Loblolly Stable
- Company type: Thoroughbred Racing Stable & Horse breeding
- Industry: Thoroughbred Horse racing
- Founded: c. 1975 2000 (Stoneleaf Stable)
- Defunct: 1994 (Loblolly Stable)
- Headquarters: Lake Hamilton, Arkansas
- Key people: John Ed & Mary Lynn Anthony, owners

= Loblolly Stable =

Thoroughbred breeding and racing operation

Loblolly Stable was a Thoroughbred horse breeding and racing stable in Lake Hamilton, Arkansas owned by businessman John Ed Anthony and his former wife Mary Lynn. The stable's first top runner was Cox's Ridge who won important races in 1977 and 1978 and went on to become an excellent sire. Loblolly Stable had back-to-back wins in the Preakness Stakes in 1992 and 1993 with Pine Bluff and Prairie Bayou respectively and also won the 1980 Belmont Stakes with Temperence Hill.

Having dissolved their marriage, in 1994 the owners agreed to wind up the stable operation and began selling off some of its mares and yearlings at the Keeneland Sales.

Eclipse Award winners:
- Temperence Hill - American Champion Three-Year-Old Male Horse (1980)
- Vanlandingham - U.S. Champion Older Male Horse (1985)
- Prairie Bayou - U.S. Champion 3-Year-old Colt (1993)

Other Grade I winners include Little Missouri, Demons Begone, De Roche, and Lost Mountain.

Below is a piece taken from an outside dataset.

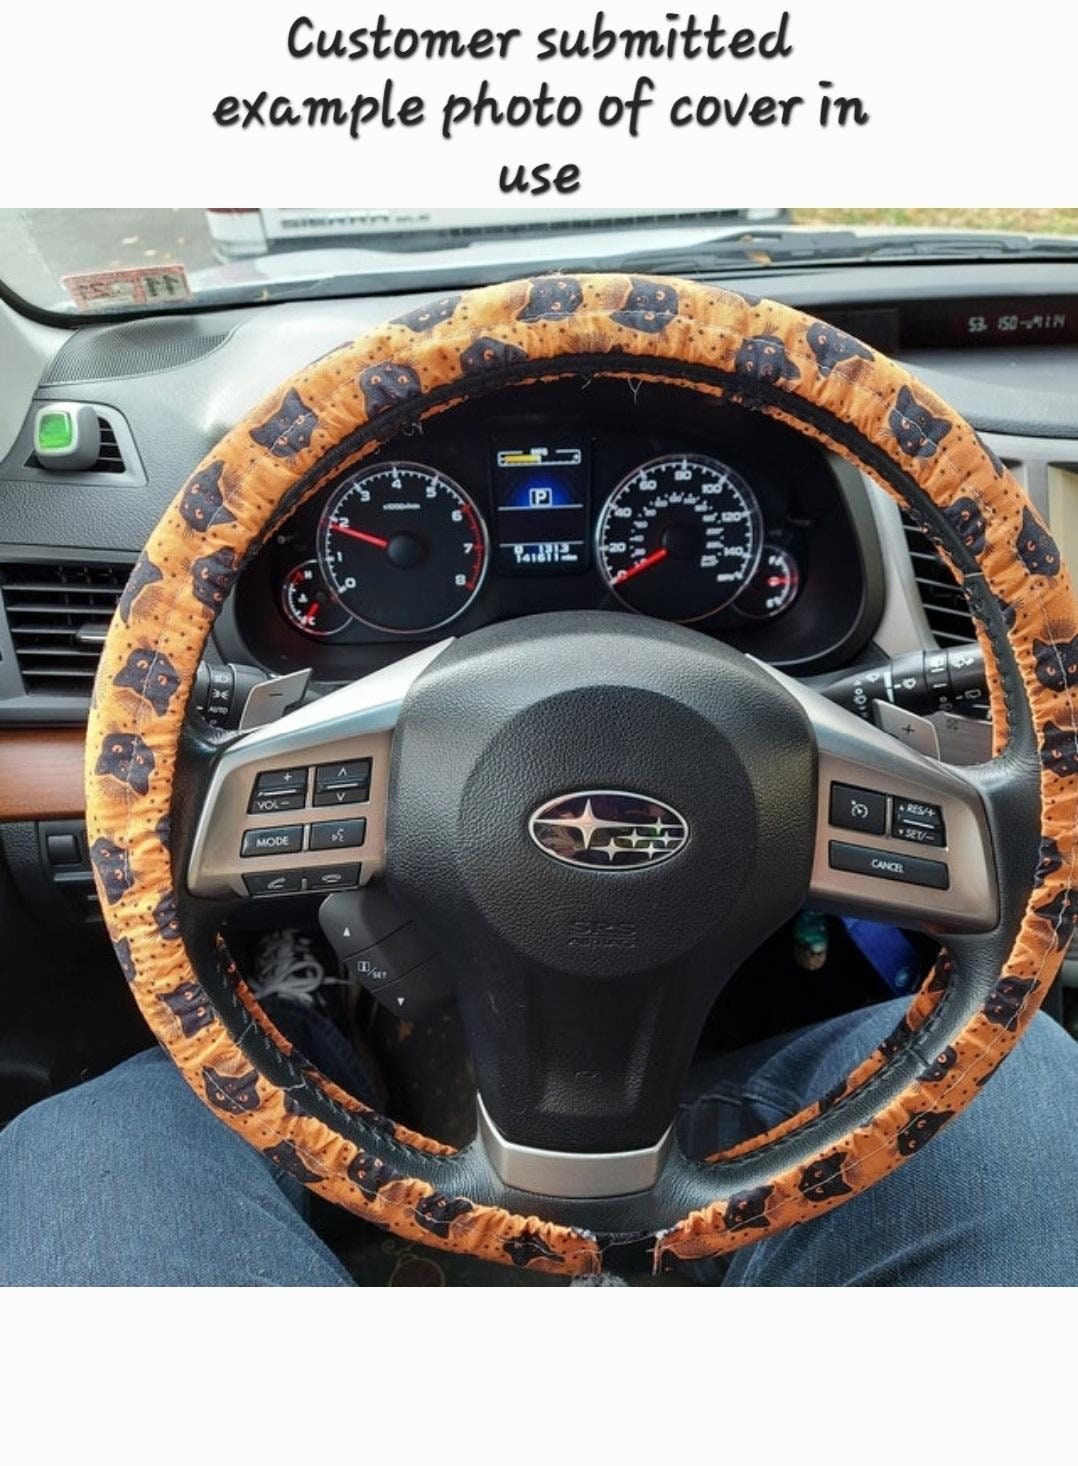 Jack NBC Steering Wheel Cover made with Licensed Disney Fabric - Harlow's Store and Garden Gifts

A native of Bearden, Arkansas, in 2001 John Ed Anthony was inducted in the Arkansas Sports Hall of Fame.

== Shortleaf Stable ==
Loblolly Stable's successor was John Ed Anthony's Shortleaf Stable named after a horse that won two races in 2005. Revived in 2000 Shortleaf Stable began to reorganize itself in earnest in 2010 with the assistance of his son Edward Anthony.

In 2018 Plainsmen won the GIII Discovery Stakes at Aqueduct Racetrack, the first stakes win since 1997.